• Question: how do you use robots with what you do ?

    Asked by rosieroo223 to Elizabeth on 13 Mar 2014. This question was also asked by ratboy, teganm, alexanderl, dtaylor1, ratboy7, anon-44923, margota.
    • Photo: Elizabeth Ratcliffe

      Elizabeth Ratcliffe answered on 13 Mar 2014:


      Hi rosieroo223,
      I use the robots to grow cells including stem cells that can be used to make new medicines and regenerative therapies (medicines that help the body fix itself). There are lots of new medicines and regenerative therapies being developed in labs all across the UK and the world. Developing new medicines is very expensive so they are developed in small amounts / volumes but as the medicines get closer to being able to be used on patients they need to be able to be made in much larger volumes to treat all the patients that need it.
      For example, if 1 million people need the medicine but we can only make enough to treat 10 people, or it takes 6 months to make enough medicine to treat 1 person, it just won’t work.
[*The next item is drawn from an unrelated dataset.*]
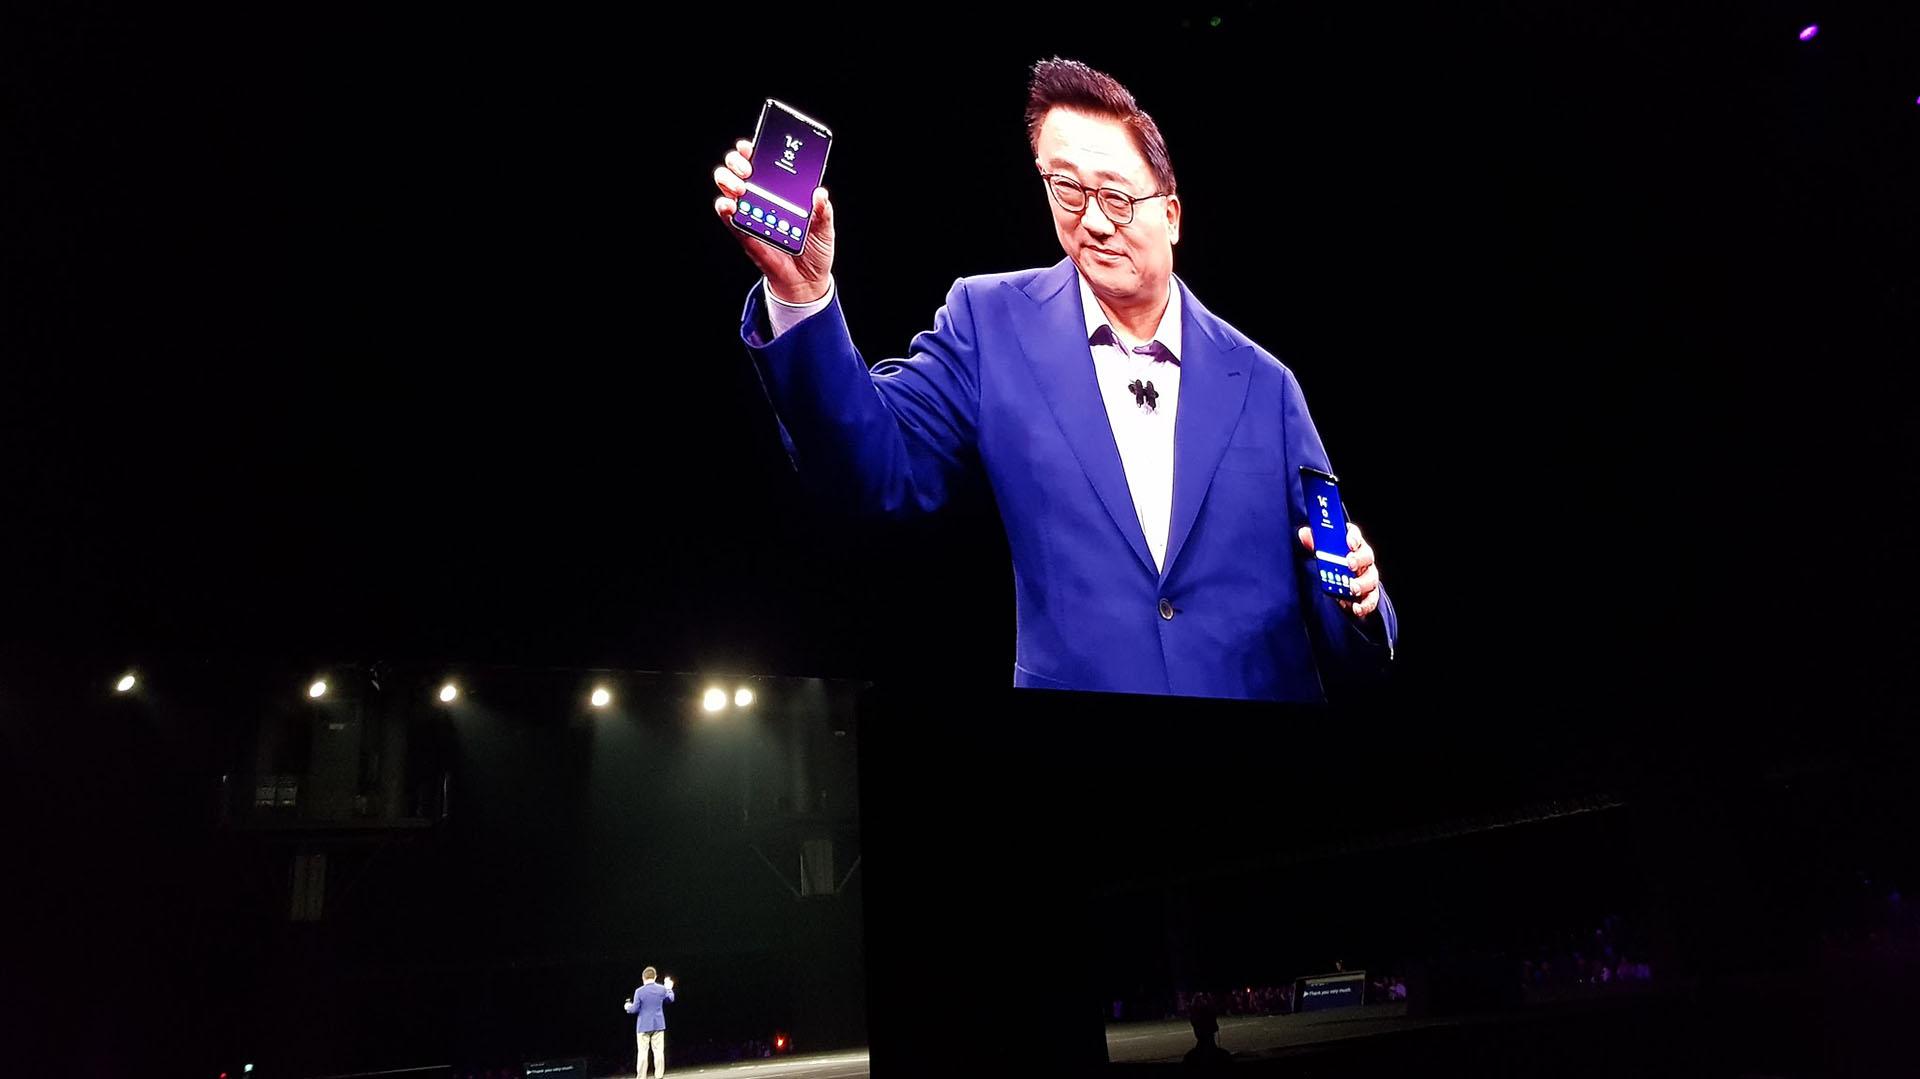 Samsung refuerza su apuesta por la calidad fotográfica, por eso, en estos nuevos modelos sumó varias características premium. Las cámaras tienen un estabilizador óptico y un enfoque automático, e integran un sensor Super Speed Dual Pixel con potencia dedicada de procesamiento y memoria que permite combinar hasta 12 cuadros en una sola toma

The medicine will never get to the people that need it, the company won’t be able to afford to make it and the hospitals won’t be able to afford to use the treatment.
      I use robots to find ways of making the cells and medicines in larger volumes safely, this includes taking processes that are done at the laboratory bench and figuring out how a robot could do the process…then doing it…and making sure the processes are safe and are as good or better than before.
      For example, on Zach’s profile page he has a picture of some of his cells in culture flasks, one of my big robots can perform the same work Zach does on these flasks but my robot can handle a lot more flasks than Zach or myself could work on, and it can work 24 hours a day without getting tired.
      I use robots to help make sure we can go from treating 1 patient to many patients and that the medicine is the same quality for everyone who will receive it, whether the medicine is made in different parts of the UK or elsewhere.